## What to work on
Drop every picture, then print the rest of the listing exactly as given.

Dataset section below:

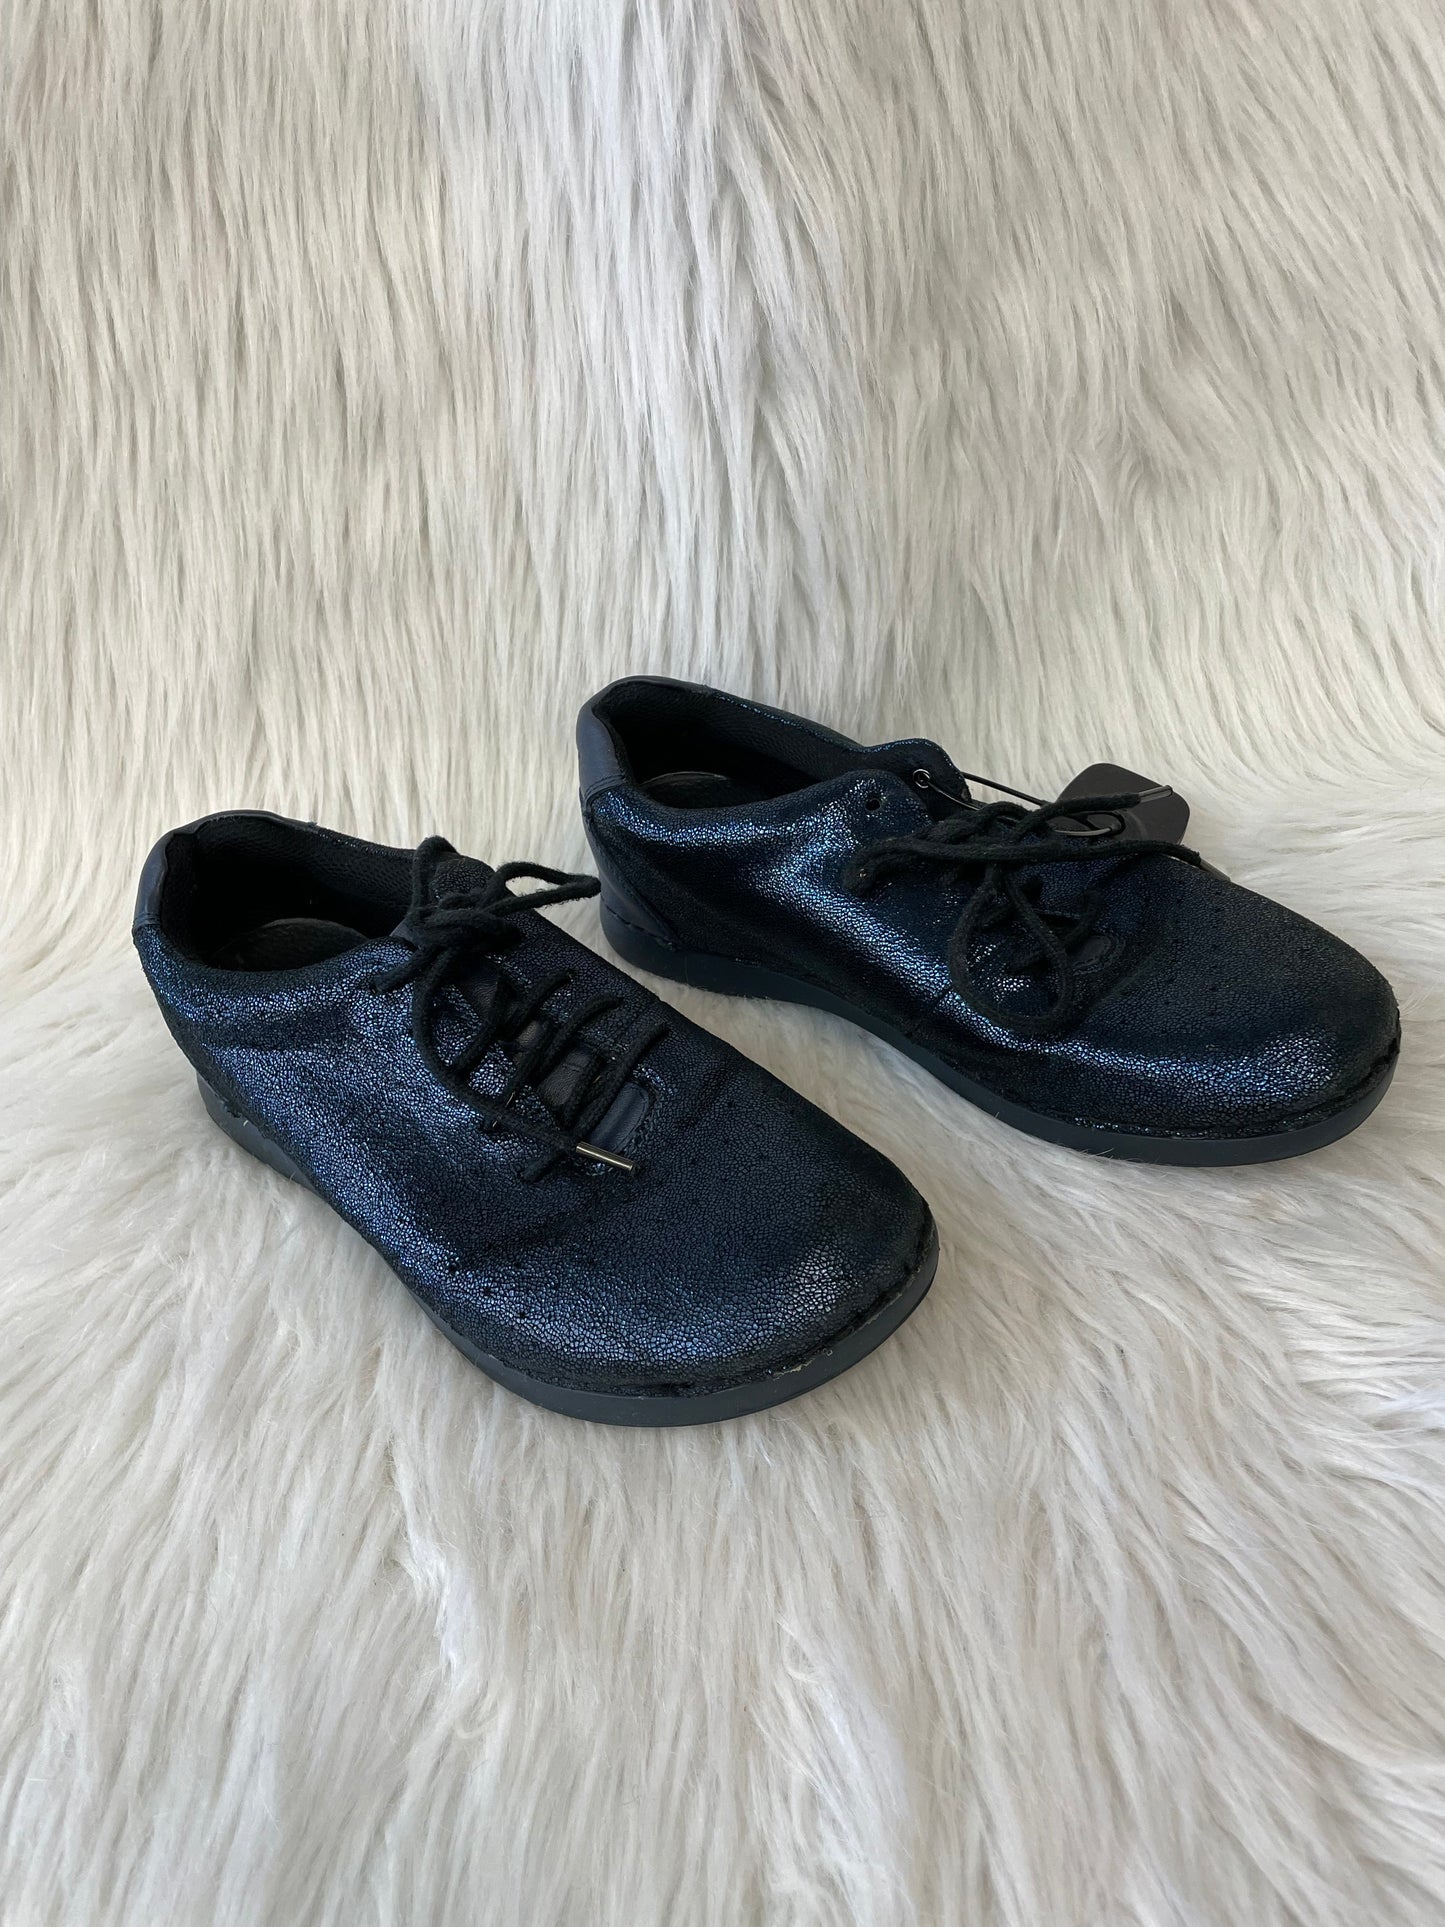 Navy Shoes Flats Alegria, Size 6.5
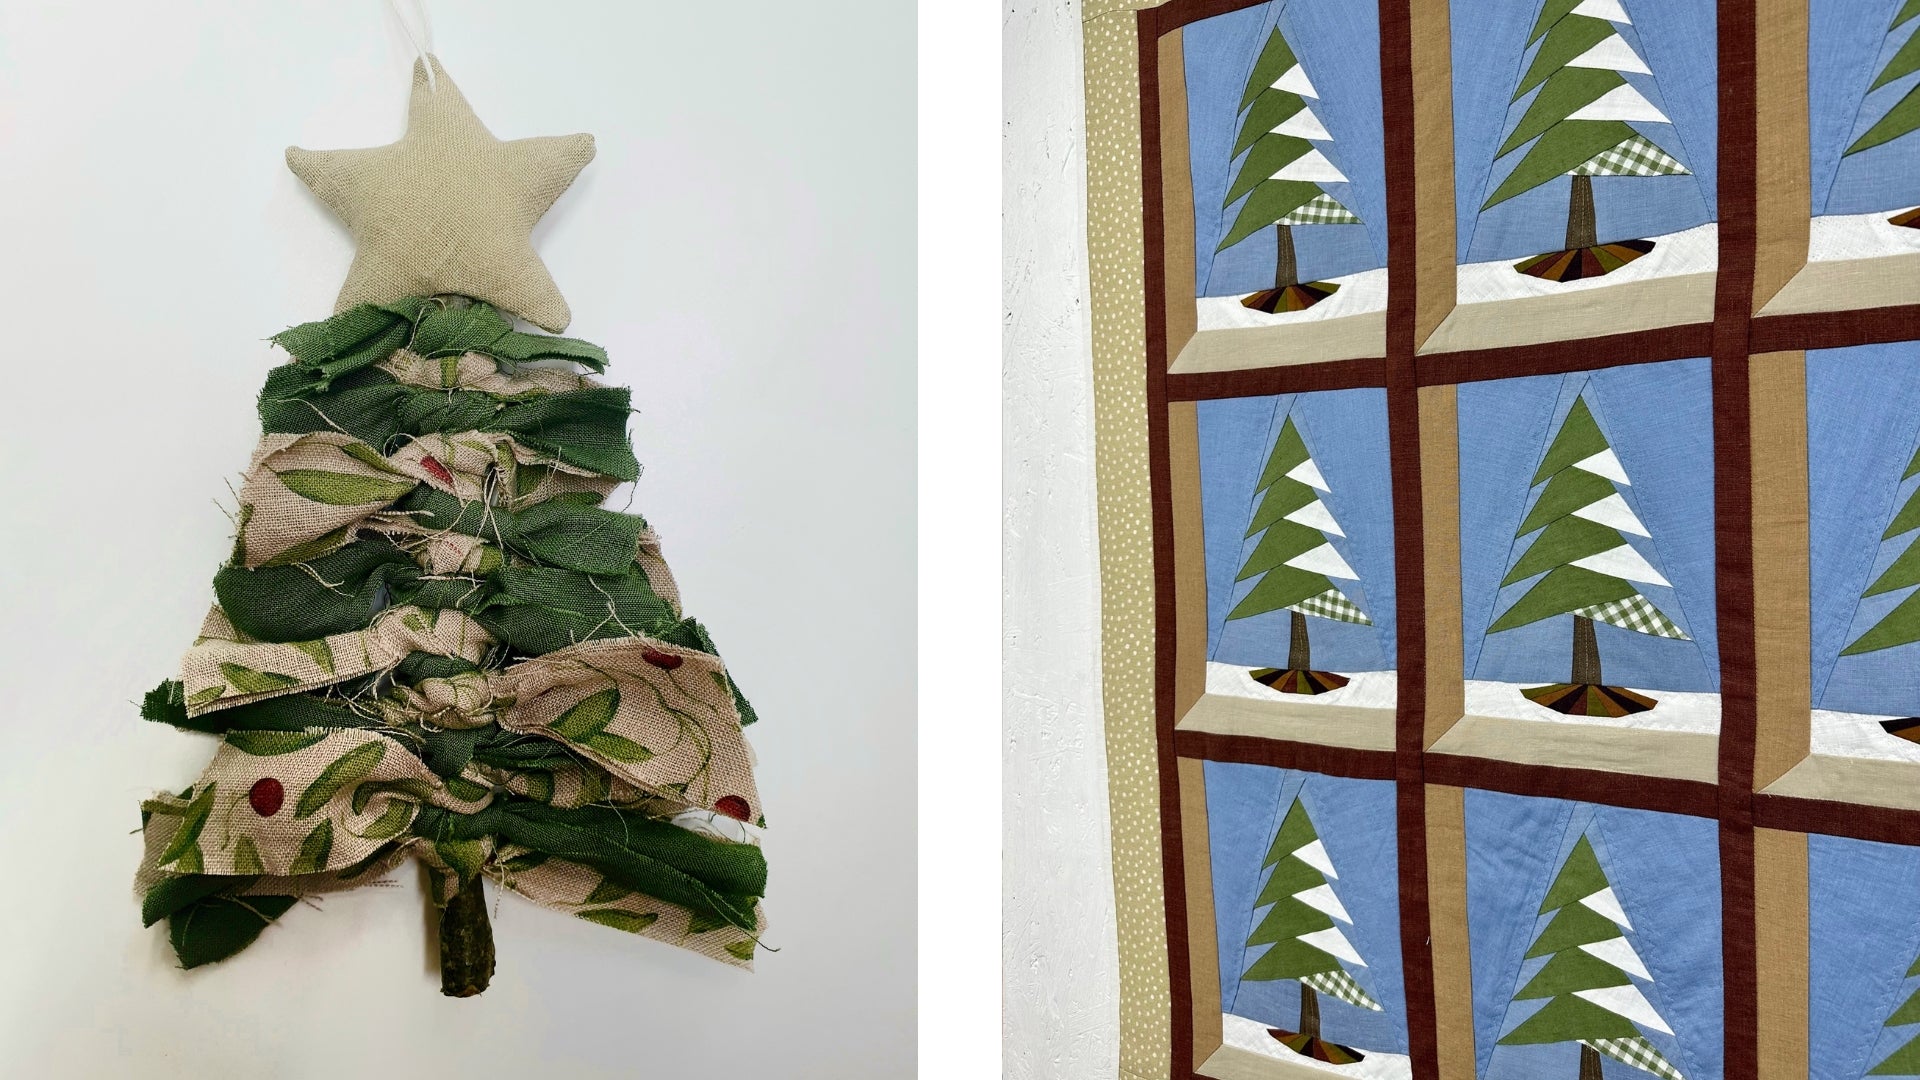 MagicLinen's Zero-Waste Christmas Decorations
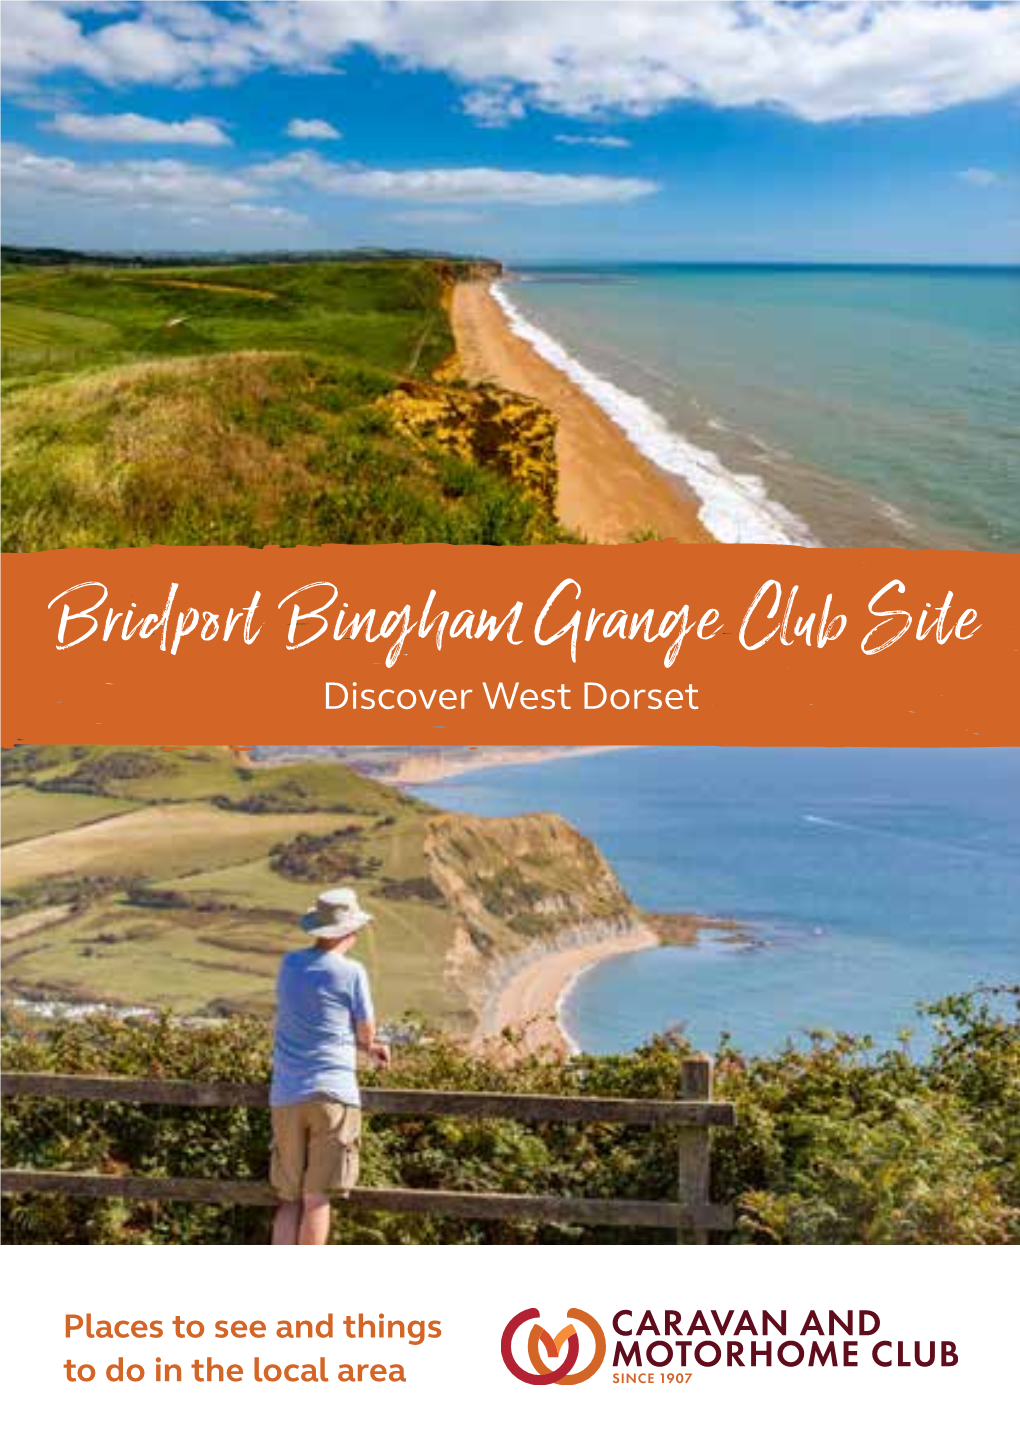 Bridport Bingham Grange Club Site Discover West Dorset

End of Dataset section.

## Completed task
 Navy Shoes Flats Alegria, Size 6.5
 MagicLinen's Zero-Waste Christmas Decorations
 Bridport Bingham Grange Club Site Discover West Dorset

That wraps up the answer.